I progressi tecnologici sono già realtà in cardiologia, ambito in cui la medicina si può definire con quattro “P”: preventiva, personalizzata, di precisione, predittiva, come hanno rilevato anche gli interventi del prof. Marco Mazzanti, Expert on AI in Healthcare, Barts Heart Centre, London, UK, e di Antonino Nicosia, Direttore UOC Cardiologia, Ospedale Giovanni Paolo II, Ragusa, che ha lanciato la “Sicilian Academy” in Cardiologia Digitale che partirà dall’isola nel 2024 con una serie di incontri formativi sul territorio.
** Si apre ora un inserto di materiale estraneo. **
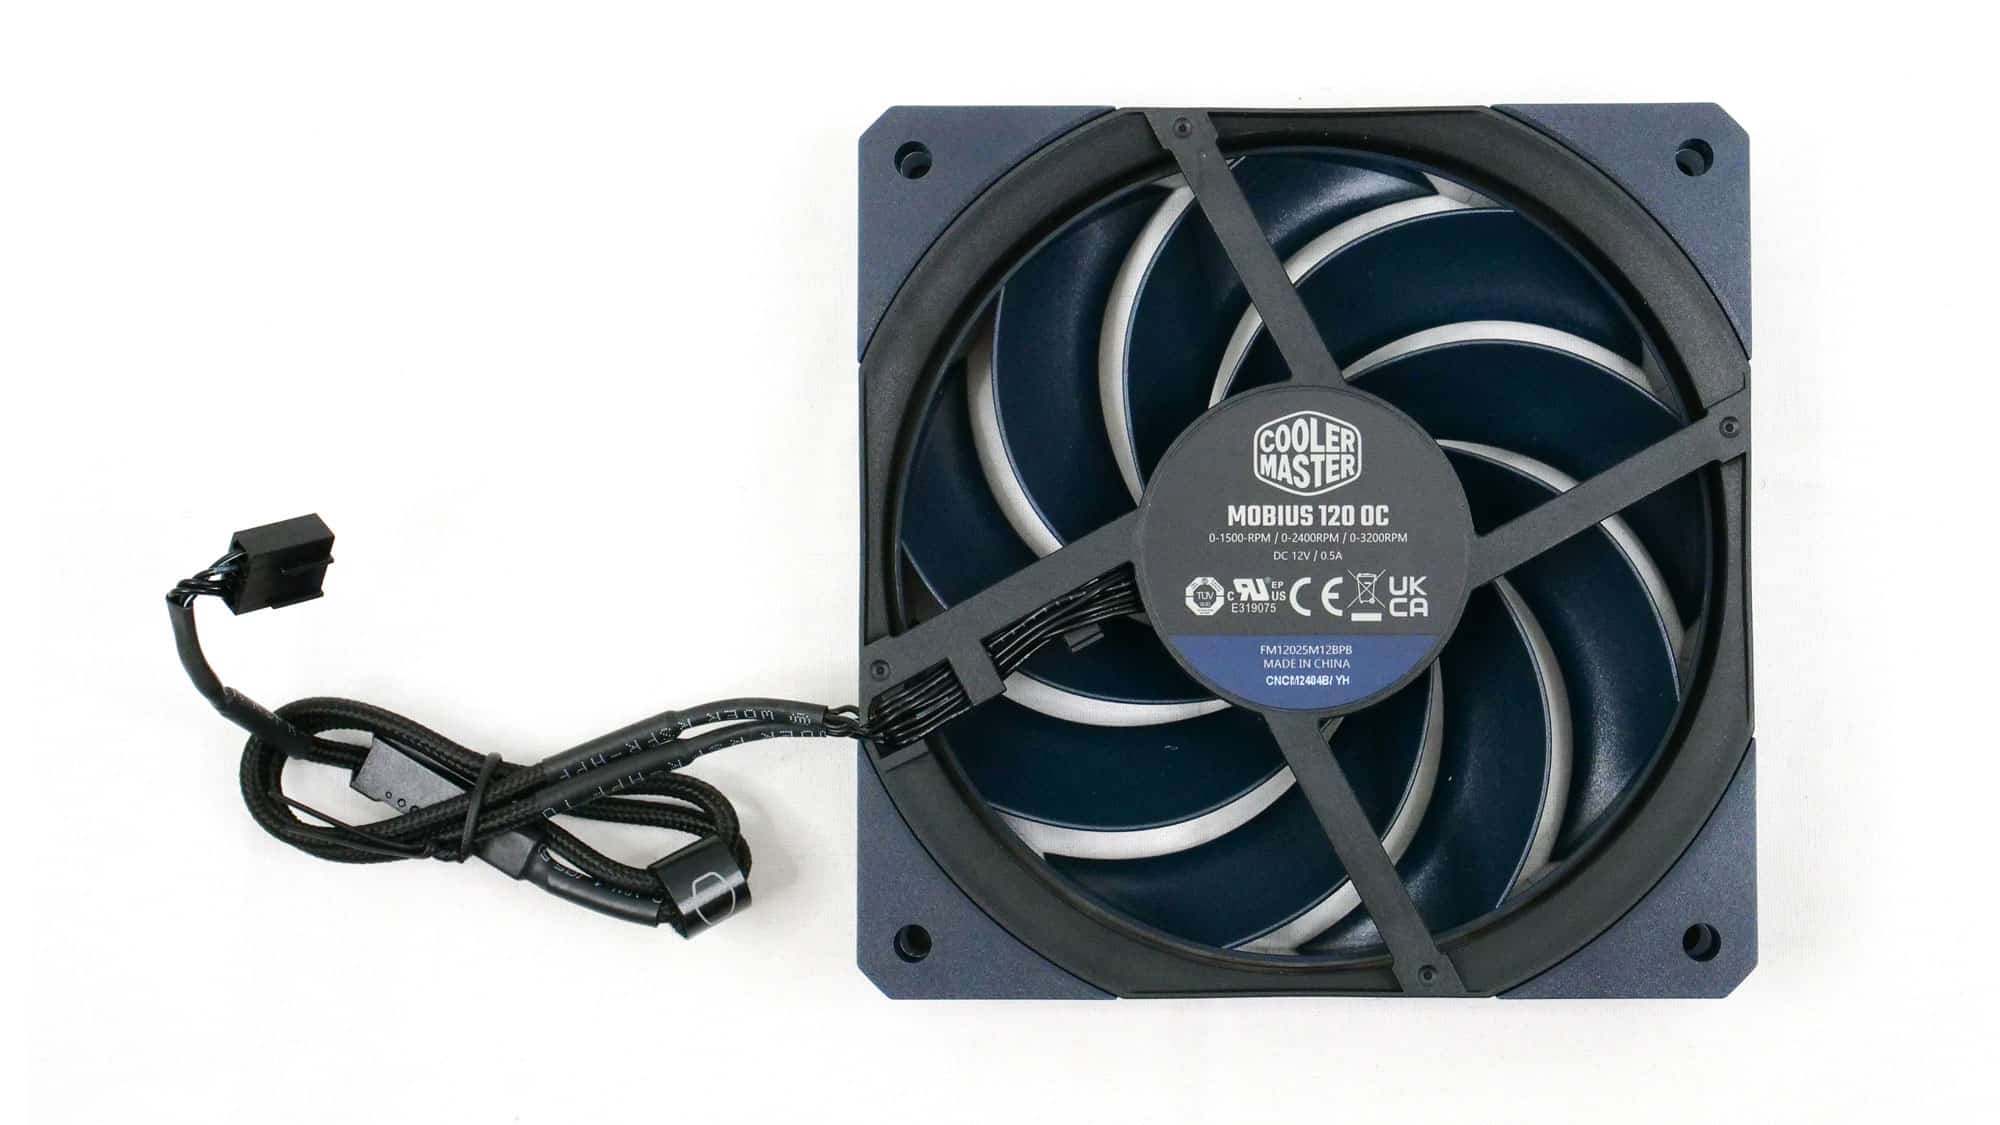 Cooler Master Mobius 120 Fan Review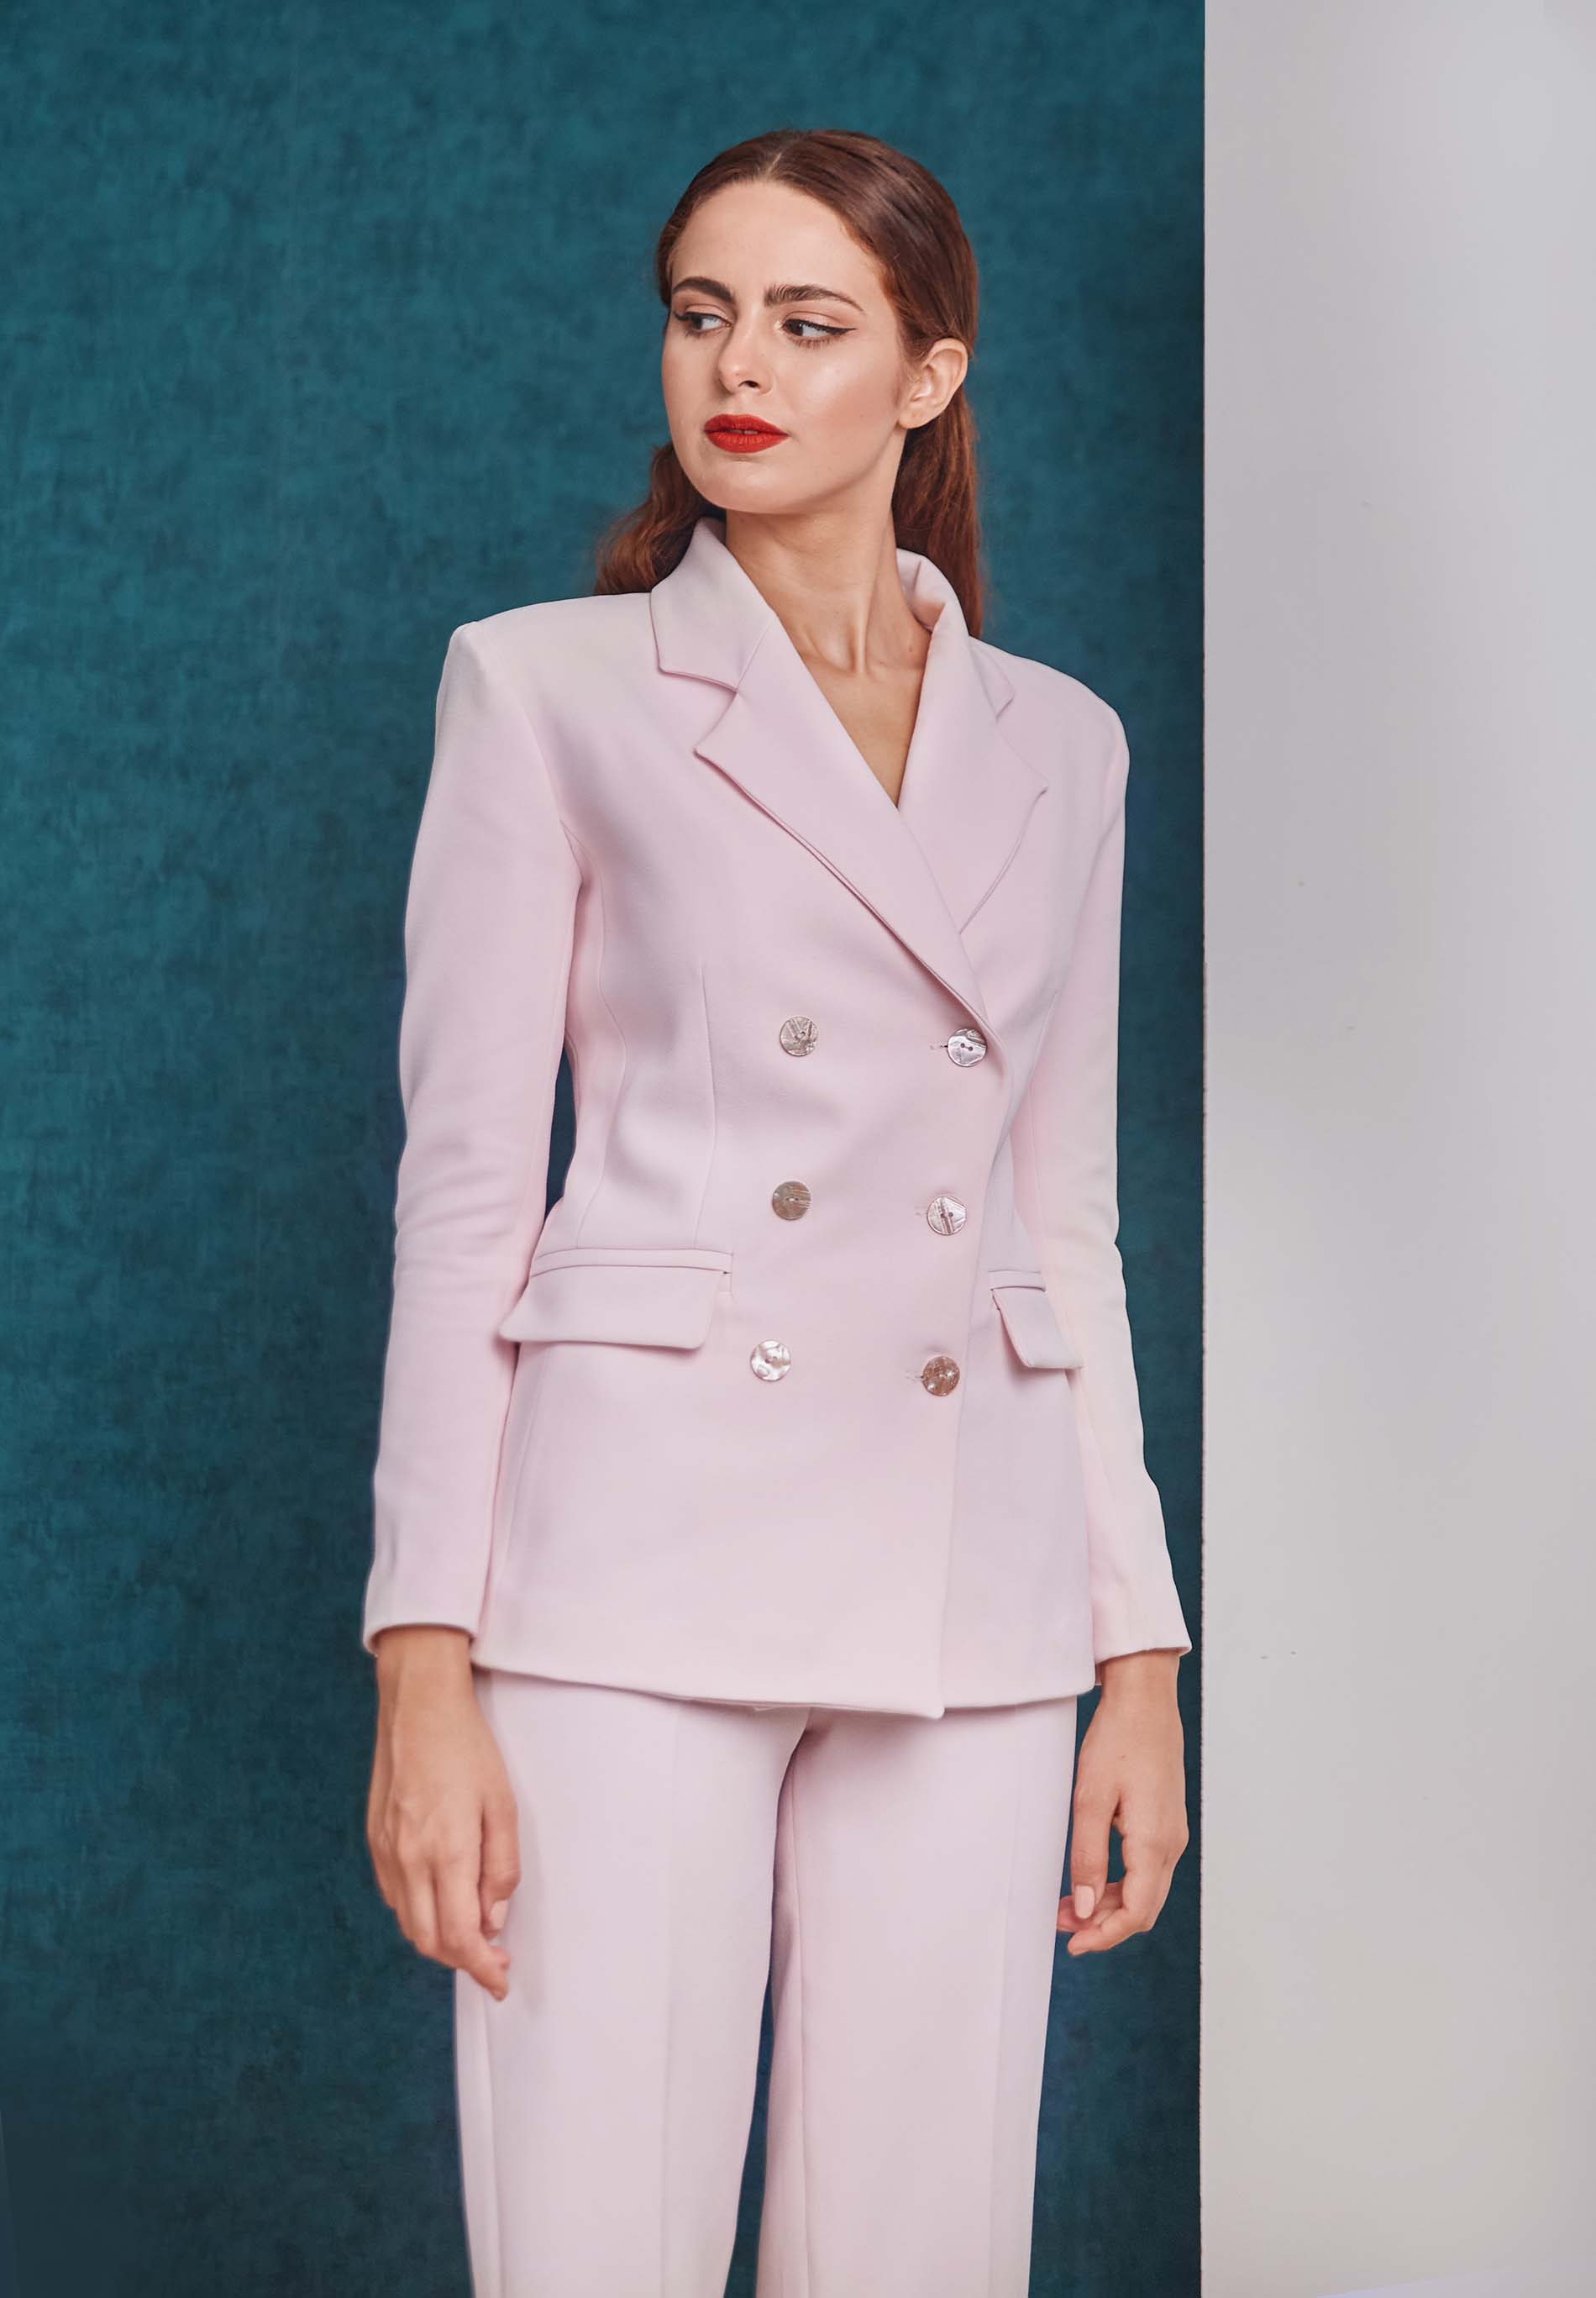 Tailored double breasted pink blazer and pink pant look

“Telemonitorare il paziente a domicilio significa poter vedere a distanza la frequenza cardiaca, la pressione arteriosa, la saturometria in vari momenti e valutare l’andamento della terapia, convocandolo in ospedale solo per reali necessità o controlli – spiega il prof. Antonio Vittorino Gaddi – Si evitano così accessi inutili in ospedale, ricoveri non necessari, assiepamenti di folle e barelle, riducendo anche le infezioni nosocomiali. Vi è poi il telecontrollo delle aritmie: oltre al classico holter, è possibile vedere gli episodi aritmici su un paziente con dispositivi elettronici come defibrillatori, pacemaker, loop recorder”.

“I pazienti vengono dotati di un device collegato con wifi o bluetooth, per cui in caso di problemi i controlli remoti permettono di procedere a un’immediata convocazione in ospedale: il rischio di una riacutizzazione dello scompenso cardiaco può essere previsto anche con un anticipo di diverse settimane. La cartella clinica digitale, integrata con tutti i servizi, permette con un clic di mettere a disposizione tutti i dati utili per i progressivi controlli. Vi sono poi i dispositivi indossabili, che sono già a disposizione: con un tipo particolare di smartwatch, ad esempio, si può ottenere dovunque ci si trovi un elettrocardiogramma anche a 12 derivazioni, la cui attendibilità è stata confermata da studi scientifici”, conclude il prof. Gaddi.